Transcranial magnetic stimulation (rTMS). According to Papakostas, this treatment is second to ECT in quality of data. Transcranial magnetic stimulation doesn’t require anesthesia or induce a seizure like ECT. Instead it creates a magnetic field that produces an electric current in a specific area of the brain. It’s typically used for mild to moderate depression. The Food and Drug Administration has approved one device called the NeuroStar TMS to treat depression, which may be used after one antidepressant has failed.
Vagus nerve stimulation (VNS). In 2005, the FDA approved vagus nerve stimulation for treating treatment-resistant depression.
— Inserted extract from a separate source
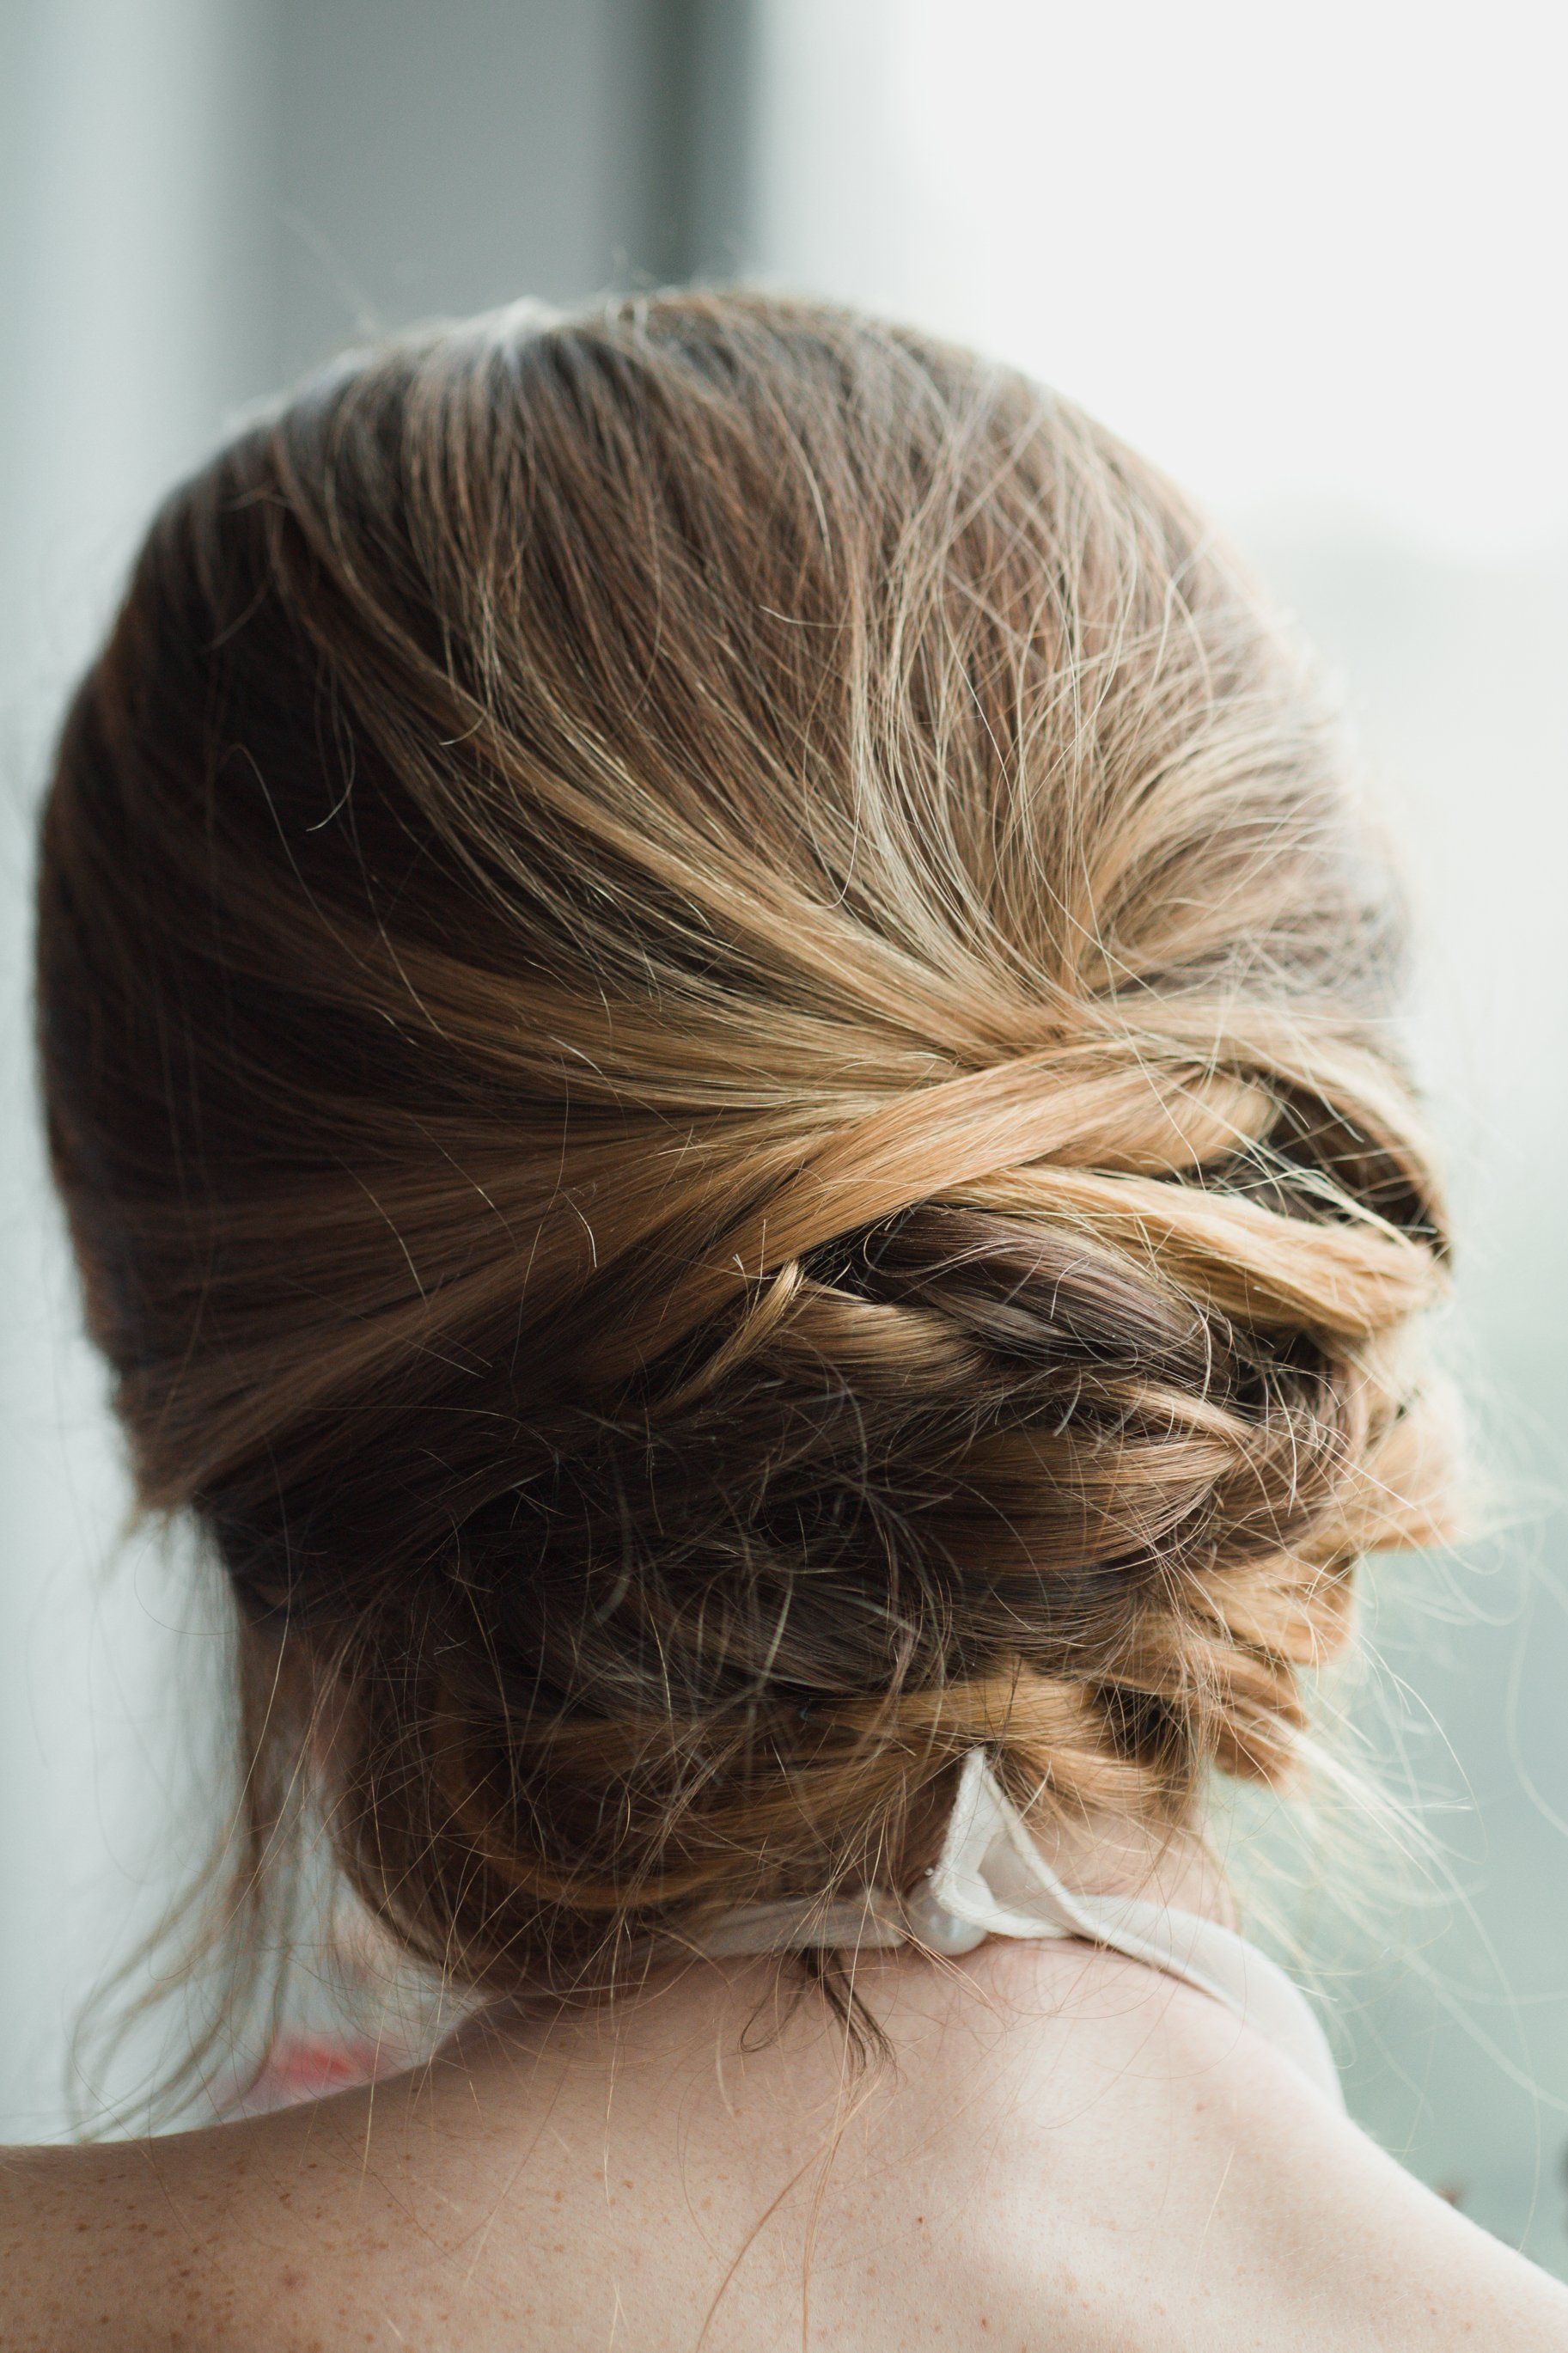 A woman's hair tied up in a bun, perfect for hair tissue mineral analysis (HTMA) tests.

The device is surgically implanted onto the vagus nerve on the left side of the neck and delivers mild electrical impulses. Think of it as a cardiac pacemaker. According to the University of Maryland Medical Center, it sends 30-second impulses to the vagus nerve every five minutes.
For over a decade, VNS has been used to treat patients with epilepsy. Researchers began studying VNS for refractory depression when they noticed that some patients’ moods improved. Whether VNS is an effective treatment for refractory depression is unclear. It appears to help some people tremendously but not others. To date, “the data [on VNS] just isn’t on par with ECT or rTMS,” Papakostas said.
Not finding a treatment that lifts your depression can be utterly frustrating and make you feel hopeless. But while it may take more time and effort, together with your physician, you can find a treatment that works for you. Remaining optimistic is important. “Being able to maintain a positive, hopeful attitude is as critical as [getting the right treatment], Papakostas said.